Charlotte Rampling et Virginie Efira dans "Benedetta" de Paul Verhoeven (2020). (GUY FERRANDIS / PATHE)

Charlotte Rampling et Virginie Efira dans "Benedetta" de Paul Verhoeven (2020). (GUY FERRANDIS / PATHE)

Paul Verhoeven se détache du satanisme, ce qui donne à son film un caractère plus sociétal. Il traite ainsi de front les thèmes contemporains de « l’amour d’en-face », de la foi, des excès fondamentalistes et de leur emprise sur les populations, alors que la grande peste (1347-1690) fait écho à la pandémie actuelle (le film a pourtant été tourné avant). Le mysticisme et les stigmates christiques étaient déjà présents dans Le Quatrième homme, et les portraits de femmes sont  innombrables dans la filmographie du réalisateur. La crudité est l’image de marque du « Hollandais violent » qui filme sans détour les corps en extase ou torturés, ce qui lui vaut l’attribut de provocateur. Dans le rôle de Benedetta, Virginie Efira brigue le prix d’interprétation, une récompense majeure qui lui offirait une belle reconnaissance. Charlotte Rampling est remarquable en mère supérieure digne et suspicieuse, pendant que Lambert Wilson déploie une vindicte tout en pugnacité.

Le Néerlandais prend du recule pour raconter cette invraisemblable histoire, en lui injectant un humour au second degrés auquel le public a été sensible, riant à plusieurs reprises, et allant jusqu’à applaudir pendant la projection.

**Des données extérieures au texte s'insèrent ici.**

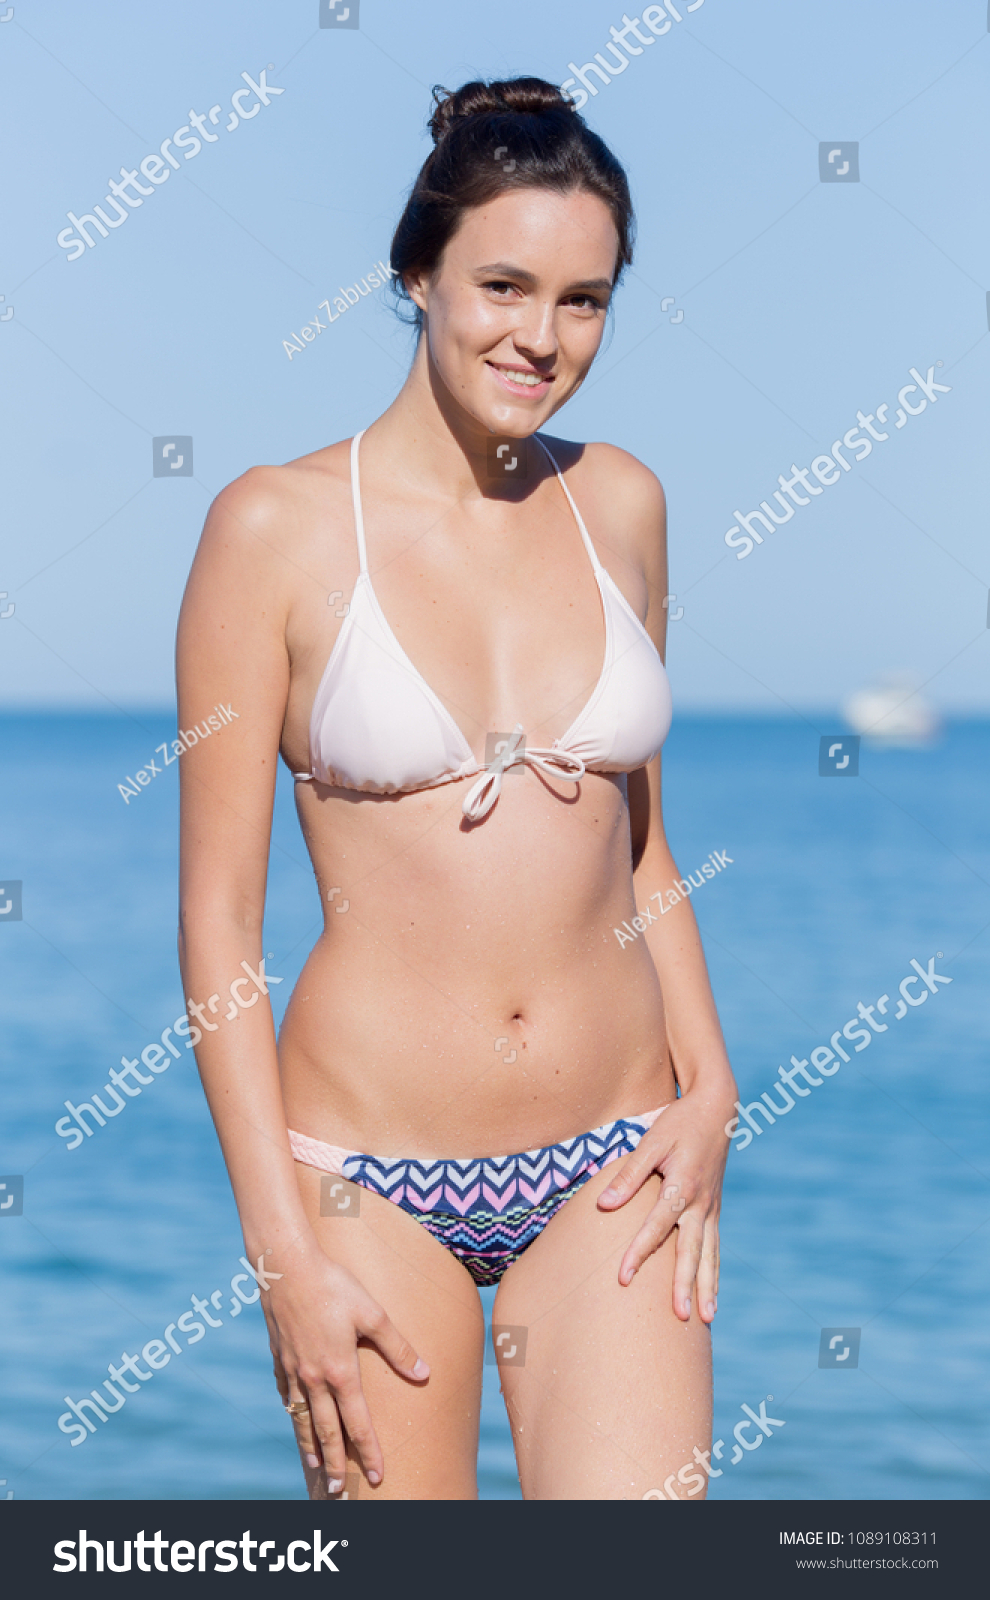 Wife In Bikini Pictures

Si à la sortie,  les festivaliers étaient partagés, personne n’a quitté la salle malgré la mise en scène dérangeante.  

En raison de l’époque féodale du film, son sujet sulfureux, sa sensualité et sa violence graphique, le nouveau Verhoeven est la suite logique de La Chair et le sang, son dernier long métrage tourné en Europe avant sa période américaine. Benedetta boucle une boucle qui serait le condensé d’un auteur créatif et reconnaissable entre tous, et qui signe une de ses œuvres majeures.

L'affiche de "Benedetta" de Paul Verhoeven (2020). (PATHE DISTRIBUTION)

L'affiche de "Benedetta" de Paul Verhoeven (2020). (PATHE DISTRIBUTION)

Genre : Drame historique
Réalisateur : Paul Verhoeven
Acteurs : Virginie Efira, Charlotte Rampling, Daphne Patakia, Lambert Wilson, 
Pays : Pays-Bas / France
Durée : 2h11
Sortie : 9 juillet  2021
Distributeur : Pathé Distribution

Interdit aux moins de 12 ans

Synopsis : Au XVIIe siècle, alors que la peste se propage en Italie, la très jeune Benedetta Carlini rejoint le couvent de Pescia en Toscane. Dès son plus jeune âge, Benedetta est capable de faire des miracles et sa présence au sein de sa nouvelle communauté va changer bien des choses dans la vie des soeurs.